I do not know the area of Solomon islands from which this story originates.  I am pretty sure it is NOT Roviana.  It was told to me by the skipper of the launch Teriari as we were moored one night during a tour around  Choiseul Island.  I think he was from Guadalcanal. But who knows where he heard the story?

There was a man from a small village who went fishing every day for his family.  Each morning he would ask the spirits to give him a good catch that day.   He was the most successful fisherman in the village, and every day he caught many fish.  He caught many more than he needed to feed his own family.  Day after day he would go fishing and every day he would return with a canoe full of fish.

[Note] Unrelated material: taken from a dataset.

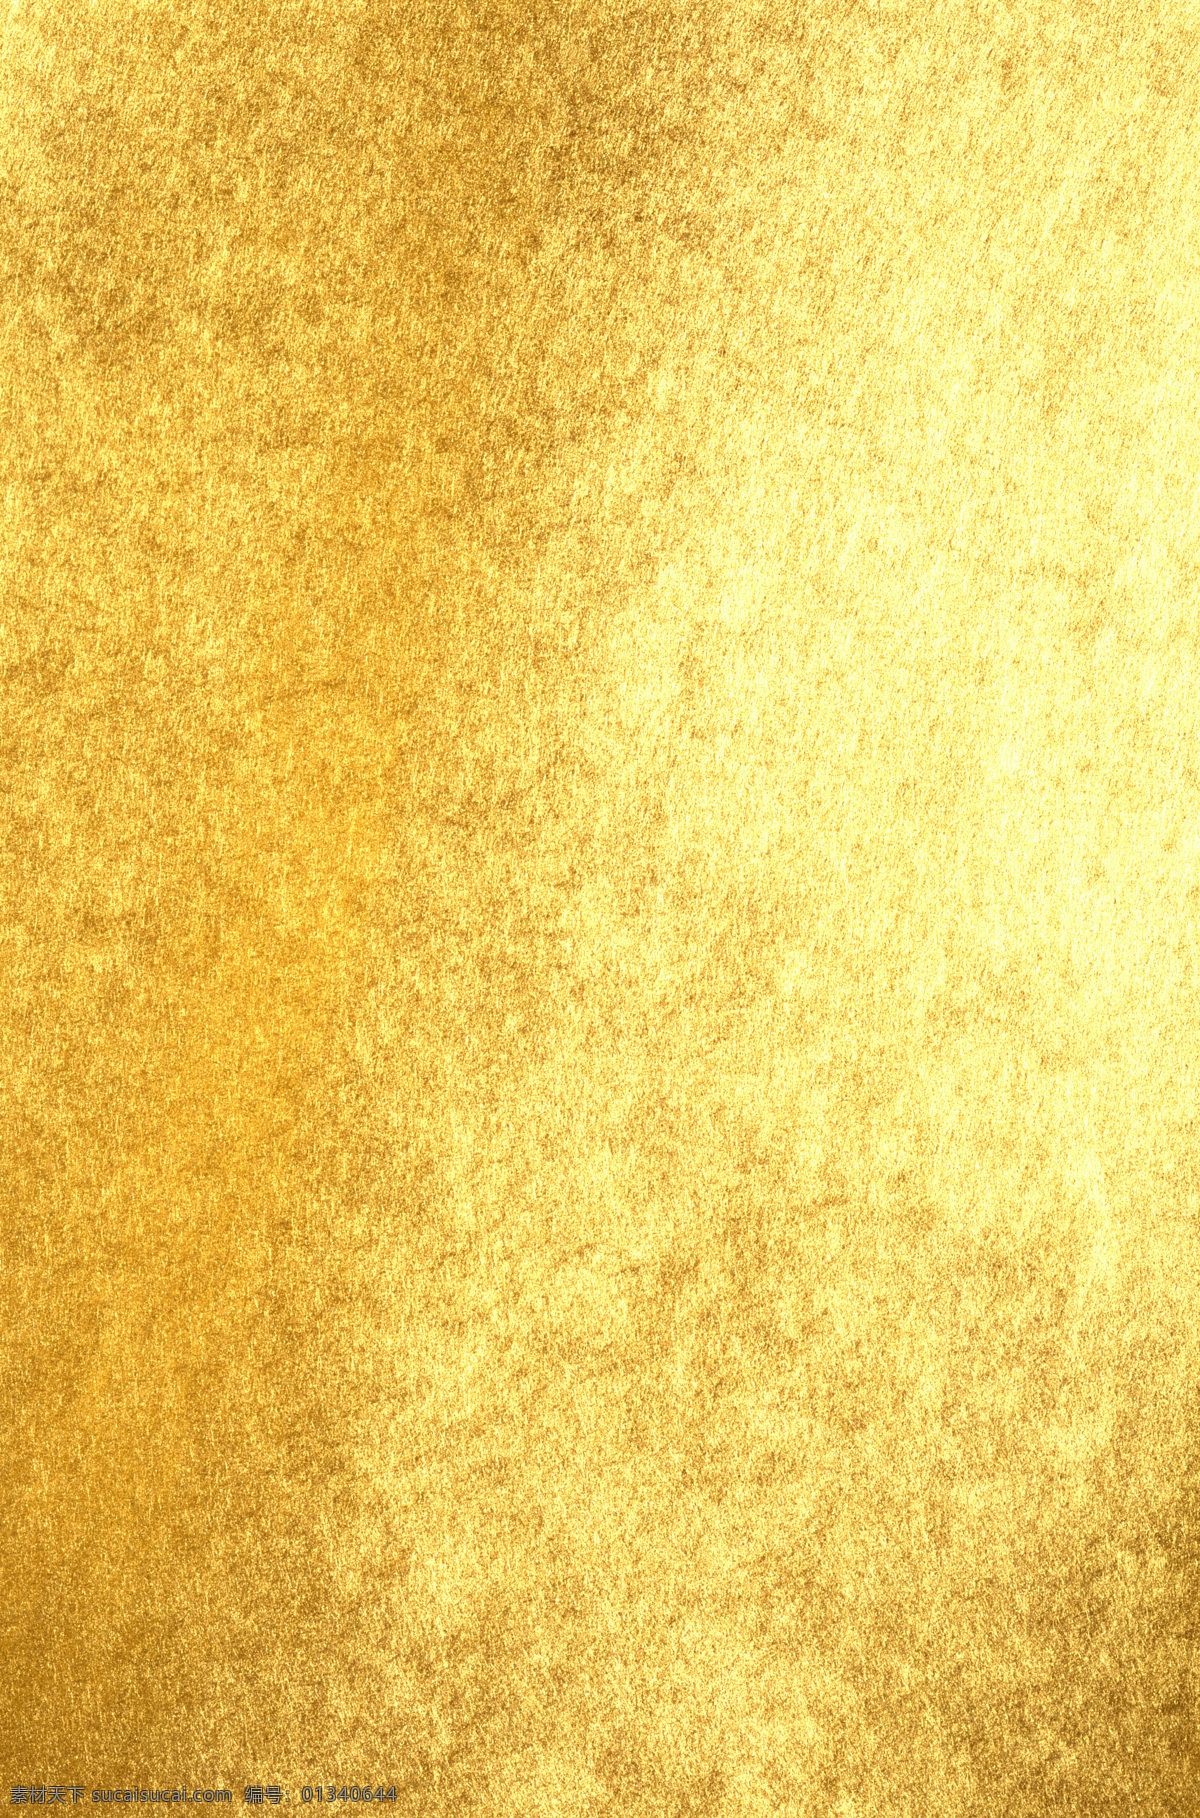 金色背景 质感 黄色图片 金色 黄色 金色纹理 底纹边框 背景底纹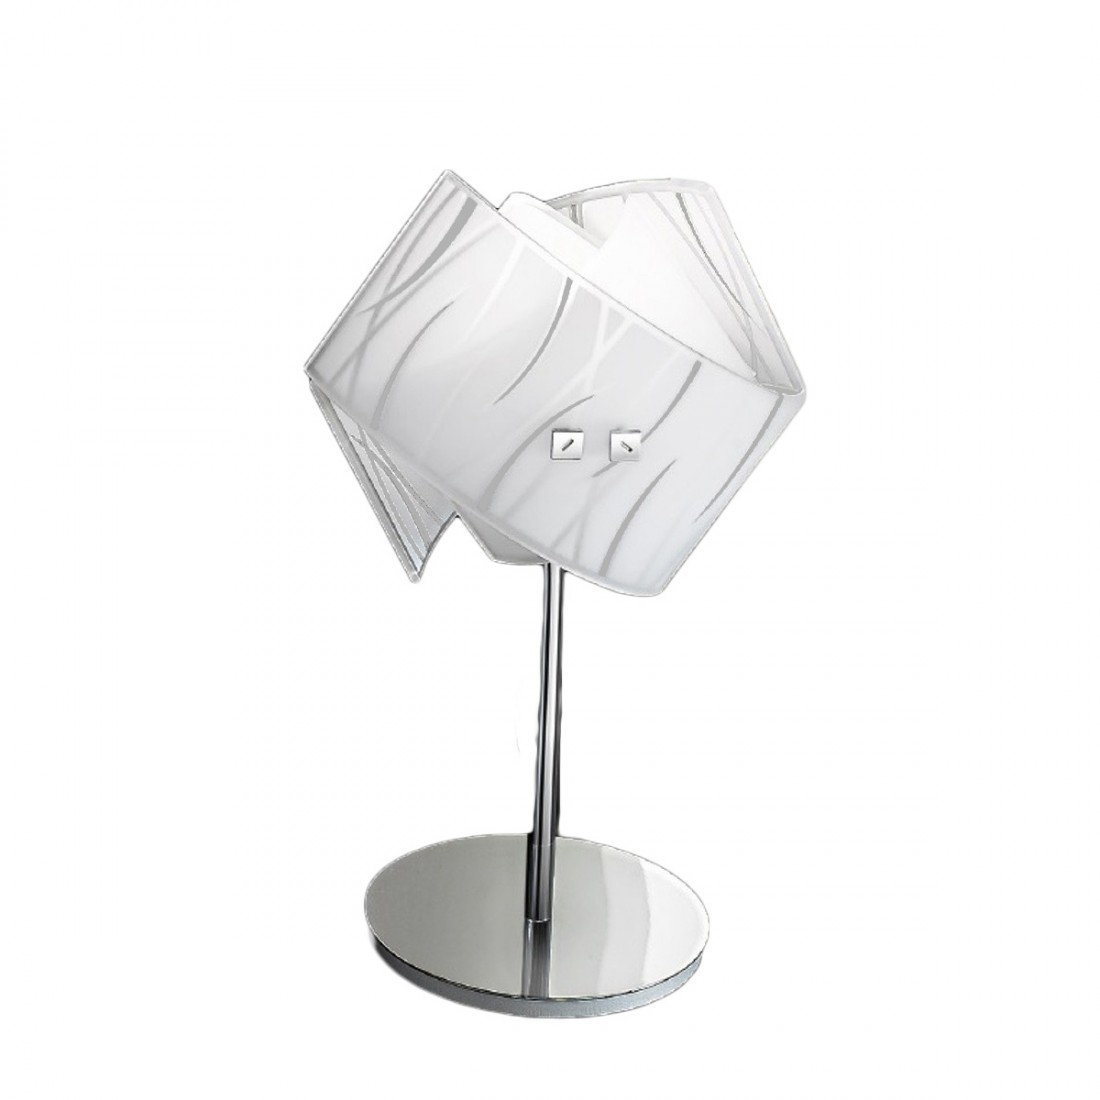 Abat-jour vetro serigrafato Gea Luce AGNESE LP LED lampada tavolo piccola bianco nero moderno interno E14

But as he paddled home every evening, the fisherman would stop in the mangroves near the village and hide part of his catch.  Then he would give the rest of the fish he had caught to his own family, but there was always little left to share with the families of the less successful fishermen of the village. 

Later, in the dark of night, after everyone was asleep, he would go down to the mangroves and take the extra fish he had hidden, and he cooked and ate them all by himself. Every day was the same, and though the fisherman caught many more fish than any of the others, he did not share with anyone but his own household.   Every night he greedily ate the extra fish he had hidden.Then one day on his way home huge waves caught his canoe, and capsized it.  The fisherman was afraid he would drown, but suddenly, out of the sea came a huge shark which told the fisherman to hold on to him and he would take him safely to land.  The fisherman held on to the sharks dorsal fin and the shark safely delivered him to the beach near the village. 
The man thanked the shark, whom he realised was a spirit.  The shark then told the fisherman off for his selfishness, and warned him that if he did not share his catch with those who needed it, in future he would not even catch enough fish to feed himself and his own family. 
The man told the shark that he was very sorry, and he would be more generous from then on.  As they talked, the waves brought the mans canoe into the bay, and it washed up to the beach beside him.  And so the man thanked the shark once more, calling him Uncle, and promised he would always share his catch in future, and never be selfish again. And so he did. I don’t think this tale is from Roviana, but I like the story, because it has a clear moral.The word for shark in Roviana is Kiso.  Kiso happens to be the totem of my family, of the Saikile clan.   

I met Kiso once,  in interesting circumstances.  But that is for another time. 
The Selfish Fisherman (Jataka Tales) by [Arthy Muthanna Singh]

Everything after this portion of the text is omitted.